Он посторонился, пропуская нас в комнату, где уже сидела Девушка-Ночь, бессмысленно уставившись в одну точку. Она странно изменилась, за какие-то несколько минут превратившись из воздушного, сотканного из лунного света существа в обычную женщину, красивую, но совершенно земную, похожую на увядший цветок. Я тронул ее за плечо. Мне хотелось, чтобы она взглянула на меня.
– Идем… – равнодушно откликнулась Девушка-Ночь, даже не подняв голову.
– Не прикасайтесь к ней! – гневно закричал доктор. А потом тихо добавил: – Извините, мне просто больно, когда это кто-то делает. Садитесь…
Никто из нас не принял его приглашения, а сам доктор заходил по комнате из угла в угол, бросая на Девушку-Ночь косые взгляды. Та продолжала сидеть неподвижно, вяло, будто из нее выпустили весь воздух.
– Это моя жена, – произнес наконец доктор Мендлев. – У нее ишемия мозга. Впрочем, к чему вам знать эти подробности?
– Почему вы держите ее здесь, а не отправите в клинику? – спросил я.
– Потому что все равно ее болезнь неизлечима, – горько отозвался он. – А там ей будет гораздо хуже.

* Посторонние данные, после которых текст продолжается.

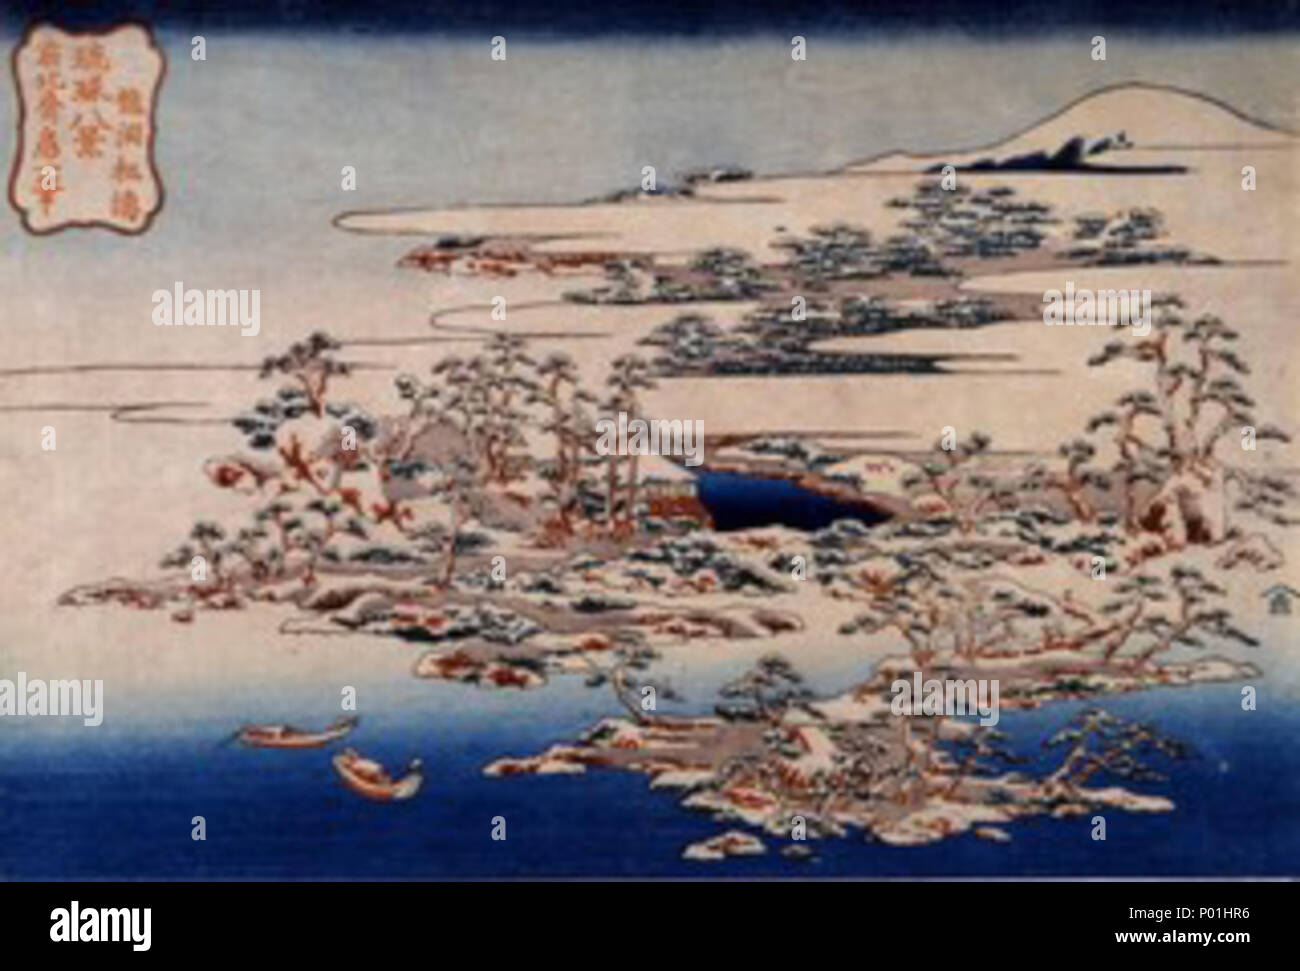 . Inglese: pini e le onde a Ryudo (Dragon Cavern) da otto viste delle isole Ryūkyū, da Hokusai, Urasoe Art Museum, Urasoe, Okinawa, in Giappone 日本語: 琉球八景 龍洞松濤 . circa 1832. Hokusai (1760-1849) 8 otto viste delle isole Ryukyu da Hokusai (Urasoe Museo d'Arte) - pini e le onde a Ryudo Foto Stock

И кроме того… я продолжаю ее любить… хотя вам это, наверное, неинтересно. Вы видите ее? Разве она не прекрасна? Но она может повторять лишь одно слово, а большего от нее никому не добиться. Никогда. В ее голове произошли необратимые процессы. А ведь прежде она была талантливой художницей… Правда, сейчас ее рисунки стали еще гениальнее… Вы их видели.
– Та серия портретов в комнате?
– Да. Она рисует по памяти. С кем встретилась…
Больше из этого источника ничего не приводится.